The final address behind ClintonEmail is a mail host, mail.clintonemail.com, which will kick back an error message when visited directly:

But if you plug in a different URL with the same mail server, you're presented with a user-friendly, familiar Outlook webmail login:

This is basically no more secure than the way you'd log into AOL, Facebook, or any other website. There's no evidence that Clinton (or her staffers) used this web interface to check their emails, as opposed to logging in through a smartphone or other email software. But its mere existence is troubling enough: there have been five separate security vulnerabilities identified with Outlook Web Access since ClintonEmail.com was registered in 2009. These security bugs include doozies like "a flaw that may lead to an unauthorized information disclosure" (2010) and "a remote attacker can gain access to arbitrary files" (2014).

But even without exploiting software bugs, Hansen says leaving a public login page for something that's meant to be private is "pretty much the worst thing you can do." Clinton's Outlook form could've been susceptible to a brute force attack—where random combinations of words and characters are tried until one of them works—or an old fashioned denial of service assault. "Even if she had a particularly strong password," Hansen said, a brute force attack will "either work eventually—foreign militaries are very good at trying a lot—or it'll fail and block her from accessing her own email."

If Clinton had been using a government account, Hansen explained, her messages with colleagues would all be held within one relatively tidy system, monitored by the federal government. It's the difference between doing your laundry at home and dropping it off. But with a private account, you're introducing many separate points of failure; every single company in this custom system is a place to pry and attack. "Any joe hacker" could get inside with enough knowledge and time, according to Hansen.


"Pretty much the worst thing you can do."


Cubrilovic echoed Hansen's concern: "When you are a staffer in a government department, internal email never leaves the network that the department has physical control over," he told me. But "with externally hosted email every one of those messages would go out onto the internet," where they're subject to snooping.

Security researcher Kenn White agrees that private internet access stirs up too many dangerous variables while emails bounced from person to person:

I think the bigger security concern here is the complete lack of visibility into who has been administering, backing up, maintaining, and accessing the Secretary's email. If classified documents were exchanged, who viewed them? Were they forwarded? Where multiple devices (ie, mobile phones and tablets) configured to access the account? Was encryption required or optional for remote access?

Cubrilovic agreed that opting out of the government's system is an awful idea for someone with a hacker bullseye on her back: "having a high profile target host their own email is a nightmare for information security staff working for the government," he told me, "since it can undo all of the other work they've done to secure their network." The kind of off-the-shelf email service it appears Clinton used comes with a lot of inherent risk, especially since a pillar of her job is overseas travel:

With your own email hosting you're almost certainly going to be vulnerable to Chinese government style spearphishing attacks—which government departments have enough trouble stopping—but the task would be near impossible for an IT naive self-hosted setup.

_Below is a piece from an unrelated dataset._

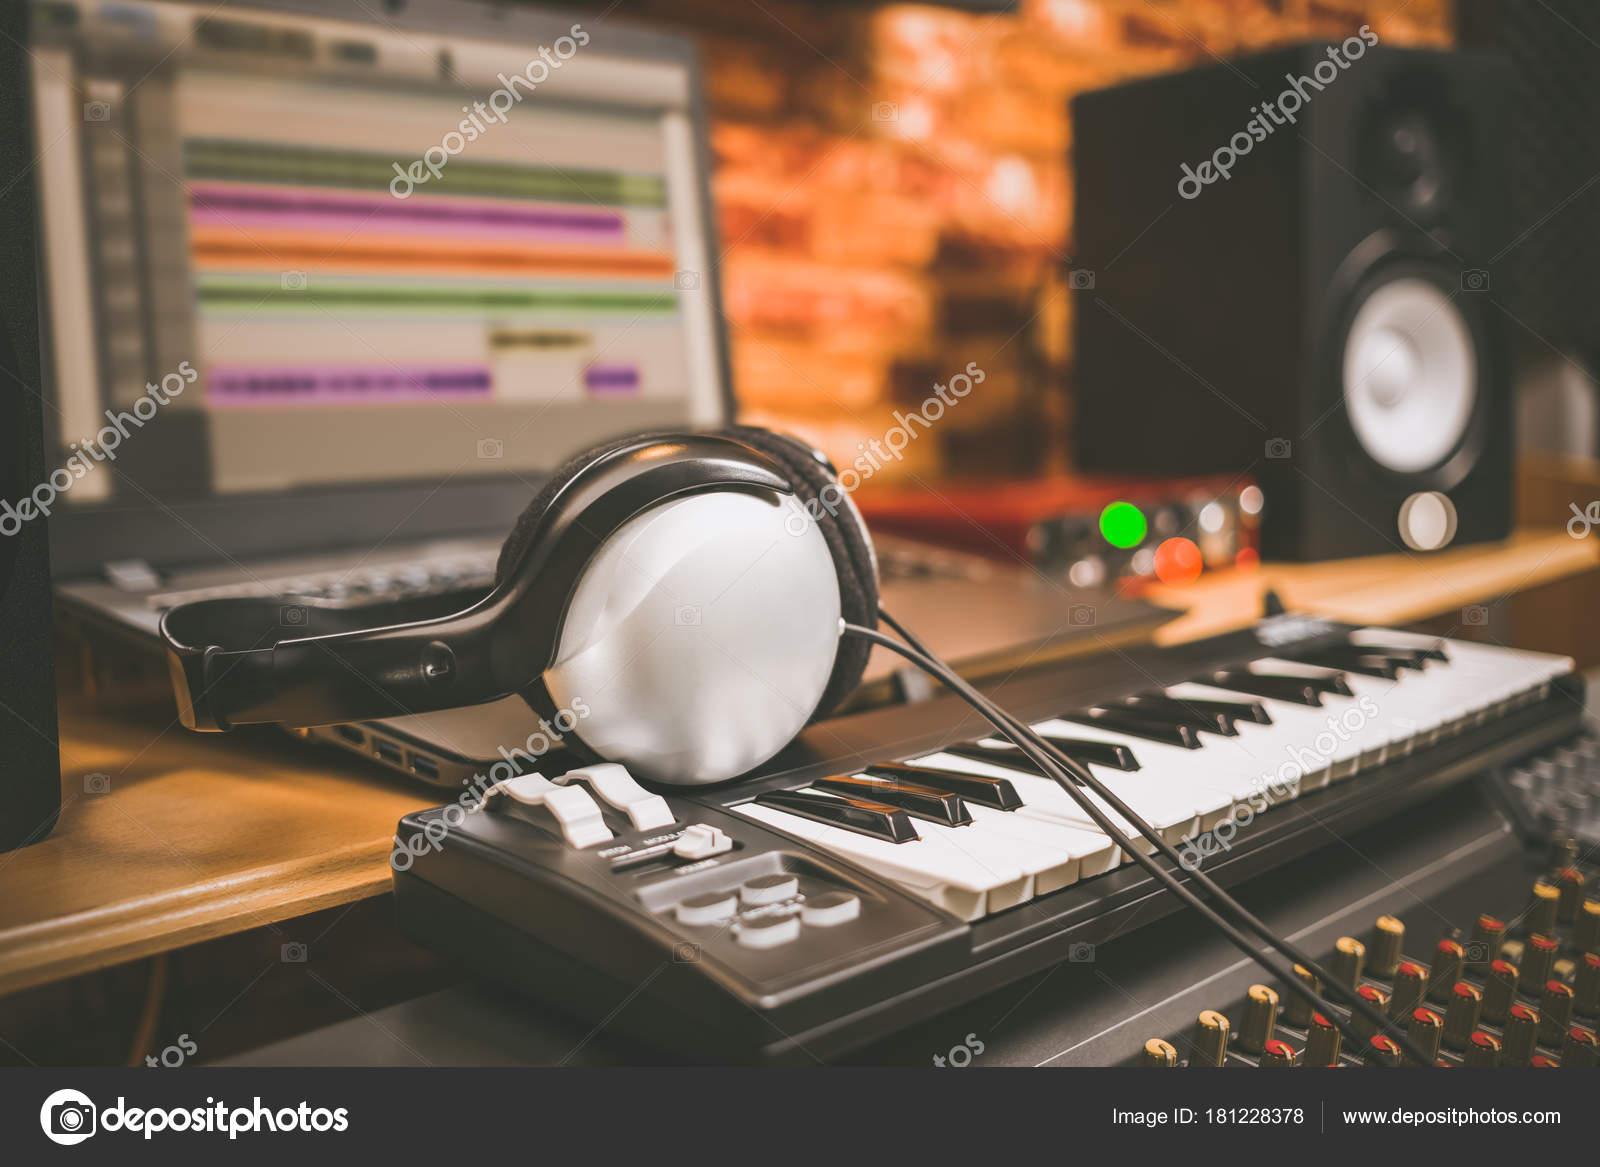 Computer Music Home Studio Equipment Headphone Midi Keyboard

While some of these hacking scenarios may sound outlandish or far-fetched, keep in mind that Clinton's emails would have been a prime target for some of the globe's most sophisticated state-sponsored cyberwarriors—the Chinese, the Israelis, the Iranians. The very existence of Clinton's private account was revealed by the hacker Guccifer, an unemployed Romanian taxi driver who managed to gain access to former Clinton aide Sidney Blumenthal's AOL account with relative ease. The Hillary account was reported by Gawker in 2013, and White House spokesman Eric Schultz used that story to argue that the Clinton email story was old news: "This was public years ago," he told Business Insider, linking to the 2013 Gawker story.

Which is another way of saying that foreign intelligence agencies have had two years to work on the target.